His reaction surprised him. He says he had hallucinations, nausea, and anxiety so extreme he asked his commanders for help.
SGT. GEORG-ANDREAS POGANY, 10TH SPECIAL FORCES GROUP: (UNINTELLIGIBLE), we were to go on a patrol the next morning, and I not functioning out on the patrol, what if somebody gets killed because I couldn't do my job? So I have the responsibility to let my leadership know that something is wrong, and that's what I did.
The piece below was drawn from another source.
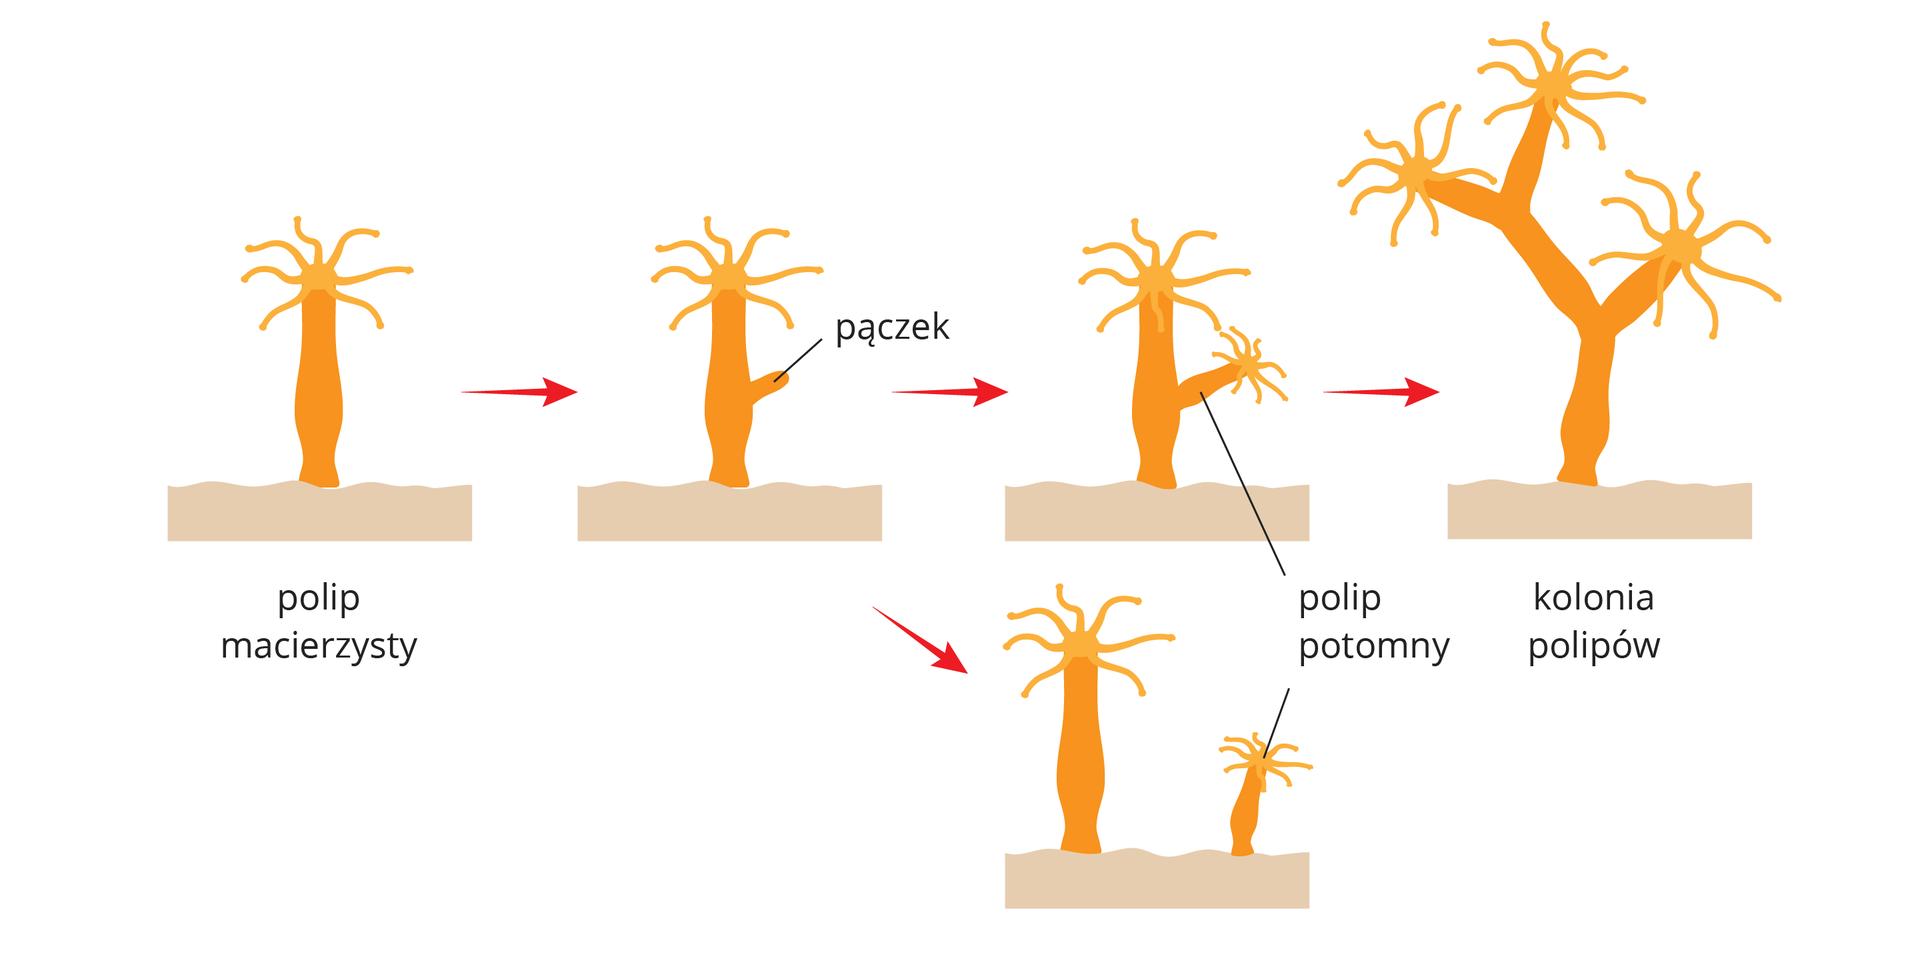 Ilustracja przedstawia sposób rozmnażania polipów, zwany pączkowaniem. Pomarańczowym kolorem oznaczono ciało polipa, bladoróżowym podłoże. Od lewej czerwone strzałki ipodpisy wskazują kolejne etapy pączkowania. Pączek może pozostać na polipie macierzystym, jak wgórnym rzędzie. Może się też oddzielić od niego itę sytuację przedstawia obrazek na dole.

COOPER: What the commanders did was ship him home to face a charge of cowardice. That's when Pogany discovered that the reason for his reaction may have had little to do with the war but more to do with this drug. He'd been taking Lariam, a drug also known as mefloquine, that the Army gave him to prevent malaria.
But Lariam also carries the risk of side effects, which the Pentagon warns include nausea, and, in rare cases, panic attacks, depression, and hallucinations -- some of the very symptoms Pogany says he experienced.
Since returning, Pogany has been diagnosed by a military doctor as having likely Lariam toxicity. In a statement to CNN, U.S. Army Special Forces command said, "The command reviewed all of the information as well as Staff Sergeant Pogany's medical condition and decided the best course of action was to drop the charges."
There was no mention of the original cowardice charge, and now Pogany's lawyer wants one more thing from the Army -- a public apology.
RICH TRAVIS, LAWYER: Otherwise, that stigma of being a coward will follow him for the rest of his life. He'll be branded. And the only way to undo that brand is through a letter of apology.
(END VIDEOTAPE)
COOPER: Well, the diagnosis by military doctors has prompted the Navy to begin a study on the effects of Lariam among military personnel serving in Iraq.